Así las cosas, el Consejo Escolar tomó la iniciativa a nivel local para impulsar que se avance en el cupo laboral para la comunidad trans. “Gobernadora Vidal, reglamente la ley”, exclamó Schvartzman durante la presentación.

Sin embargo, en el Concejo Deliberante siguen cajoneados los proyectos para que el municipio adhiera a la ley, como ya ocurrió en Quilmes, San Isidrio o Avellaneda. Ese es uno de los reclamos históricos de las organizaciones que aún queda pendiente. De hecho la Secretaría de Género de la CTA La Matanza inició días atrás una campaña para juntar firmas para que el municipio de La Matanza adhiera a la ley de cupo.

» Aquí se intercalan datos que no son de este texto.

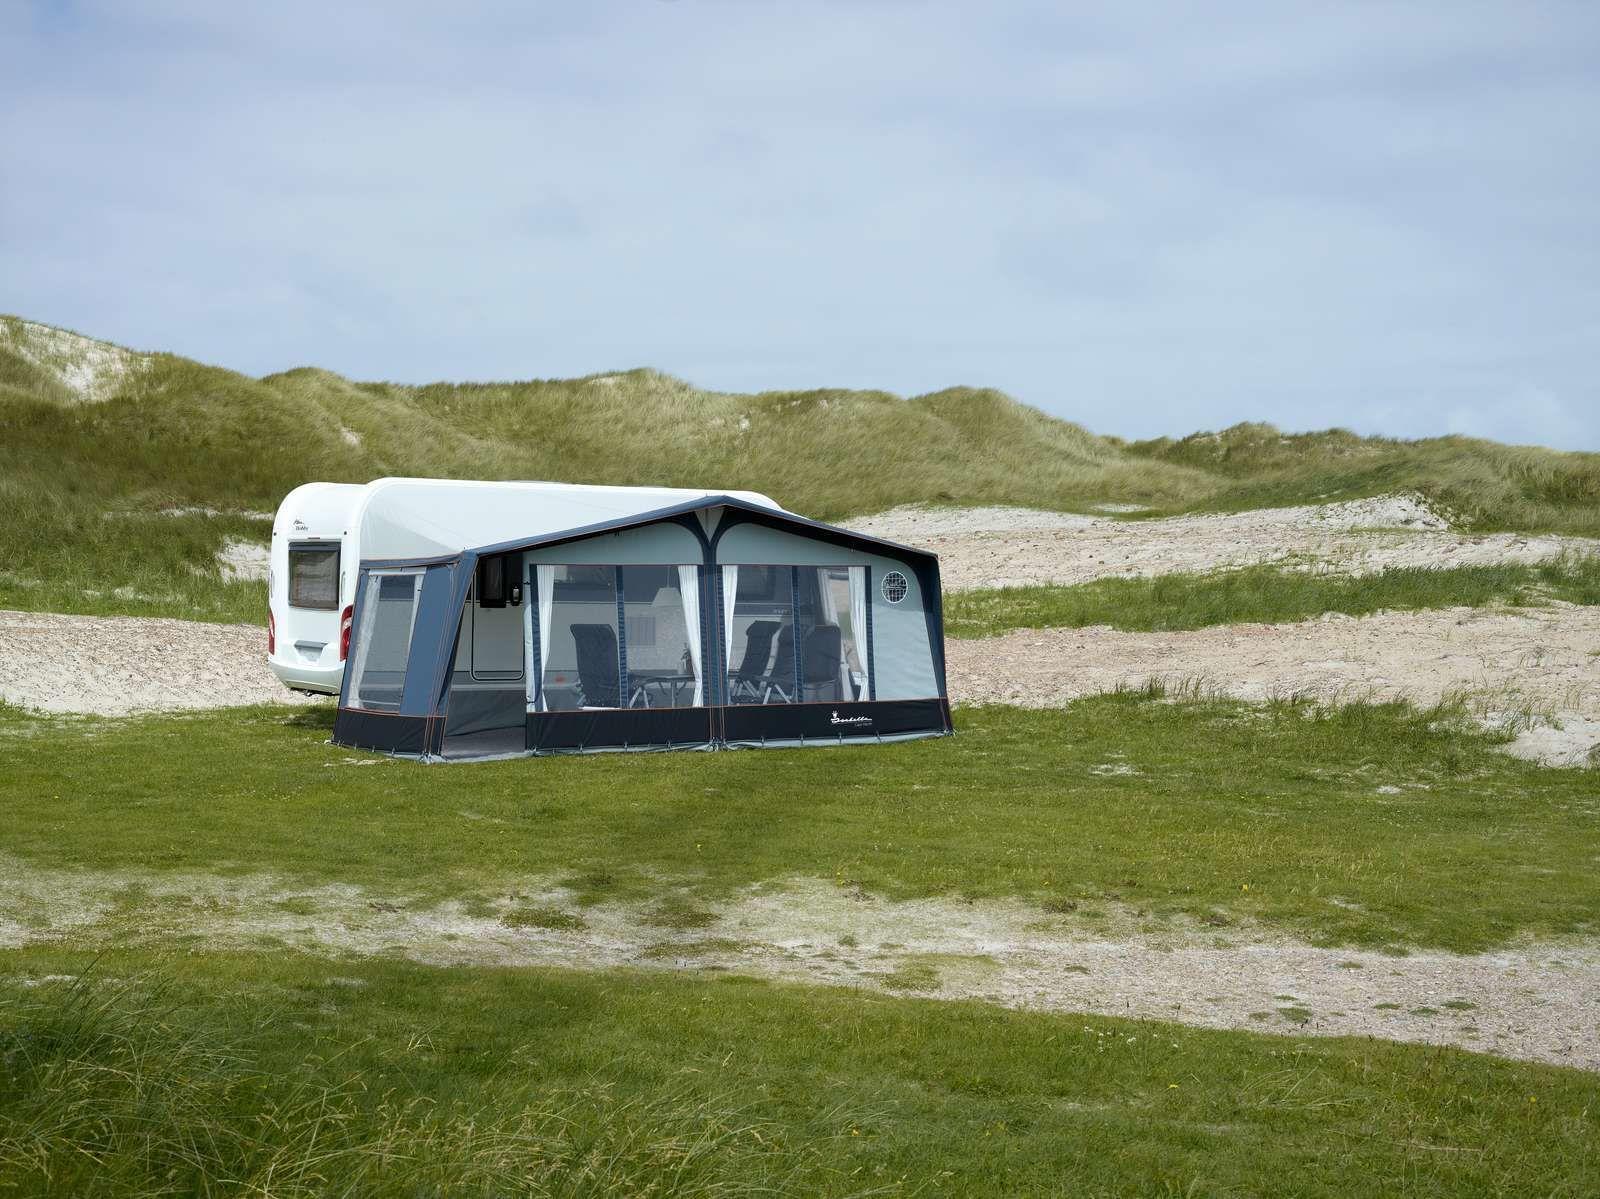 isabella wohnwagenvorzelt capri north g21 m. Black Bedroom Furniture Sets. Home Design Ideas

Con el impulso de les trans del municipio

El pedido a la provincia surgió con el apoyo del Eje de Género municipal y el dispositivo de diversidad que la secretaría de Desarrollo Social comenzó a armar a fines del año pasado, en articulación con organizaciones de personas trans. Desde entonces el municipio las acompaña en diferentes instancias relativas a educación, salud, alimentación y problemas habitacionales.

“El municipio comenzó a poner recursos para solucionar los problemas de les compañeres. La población LGTBIQ es mucha, no tienen trabajo, no tienen cobertura de salud, no están dentro del sistema y la prostitución sigue estando”, explicó en la conferencia Grecia, coordinadora del dispositivo “Somos Todes” de Desarrollo Social.

En ese sentido, explicó que otros de los baches institucionales que sufre la comunidad es la no aplicación de la ley de identidad de género, que establece que el sistema de salud público debe garantizar el acceso a intervenciones quirúrgicas y tratamientos hormonales para cambio de género. “No se respeta”, aseguró, afirmando que ninguno de los 3 hospitales públicos provinciales en La Matanza están adecuados a la ley.

Y cerró: “Vamos a poner el acento en el tema de educación. Si nosotros pretendemos que las chicas formen parte del sistema tenemos que sensibilizar el tema del estudio, porque sino siempre va a ser el cupo, va a ser la chapa, va a ser el alimentos, pero no se va a resolver el problema de que formen parte del sistema”.